→ **Input records**
____

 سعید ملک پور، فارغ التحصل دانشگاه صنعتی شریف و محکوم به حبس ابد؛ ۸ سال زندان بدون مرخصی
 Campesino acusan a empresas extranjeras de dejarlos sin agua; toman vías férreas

____

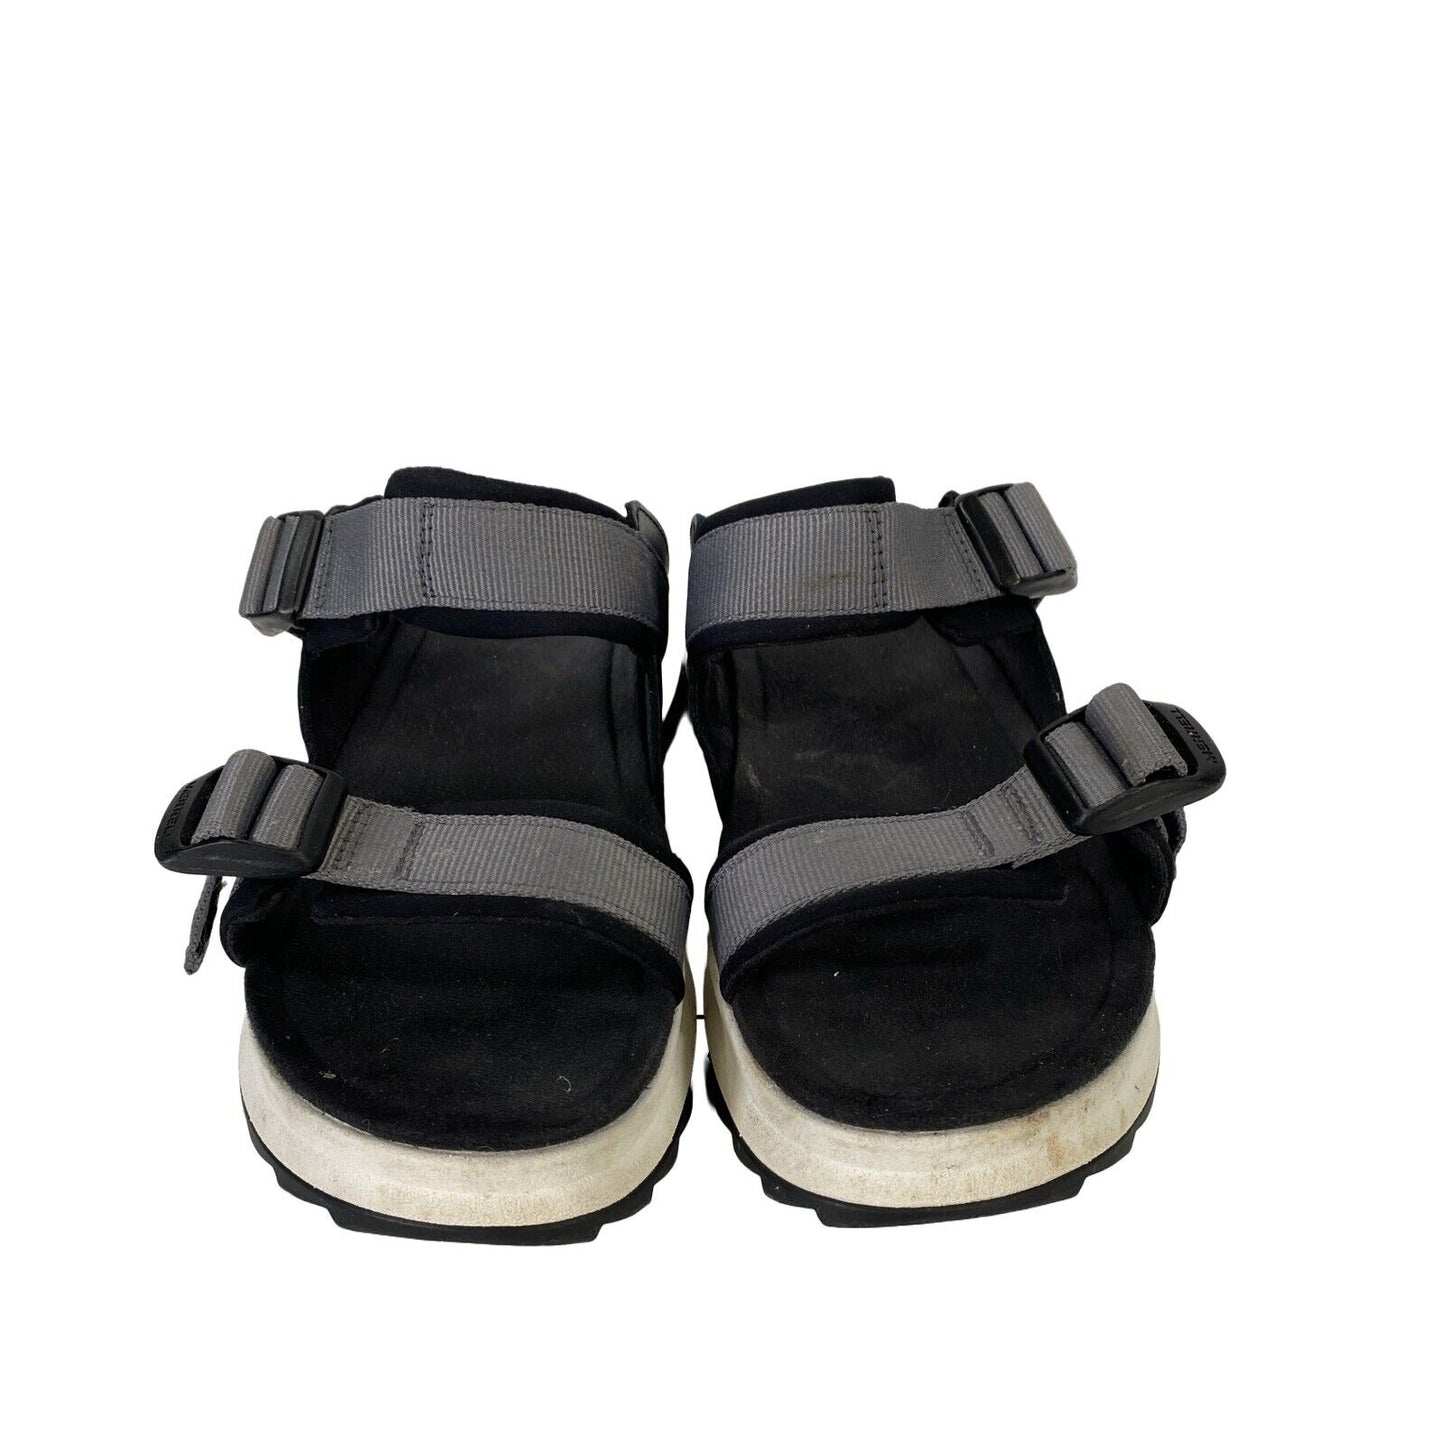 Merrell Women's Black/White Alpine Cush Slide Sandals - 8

____

→ **Exercise description**
Referring to the material above, set down exactly the lines between the line with "سعید ملک پور،" and the line with "Campesino acusan a", inclusive, and no other lines.

→ **Response area**
 سعید ملک پور، فارغ التحصل دانشگاه صنعتی شریف و محکوم به حبس ابد؛ ۸ سال زندان بدون مرخصی
 Campesino acusan a empresas extranjeras de dejarlos sin agua; toman vías férreas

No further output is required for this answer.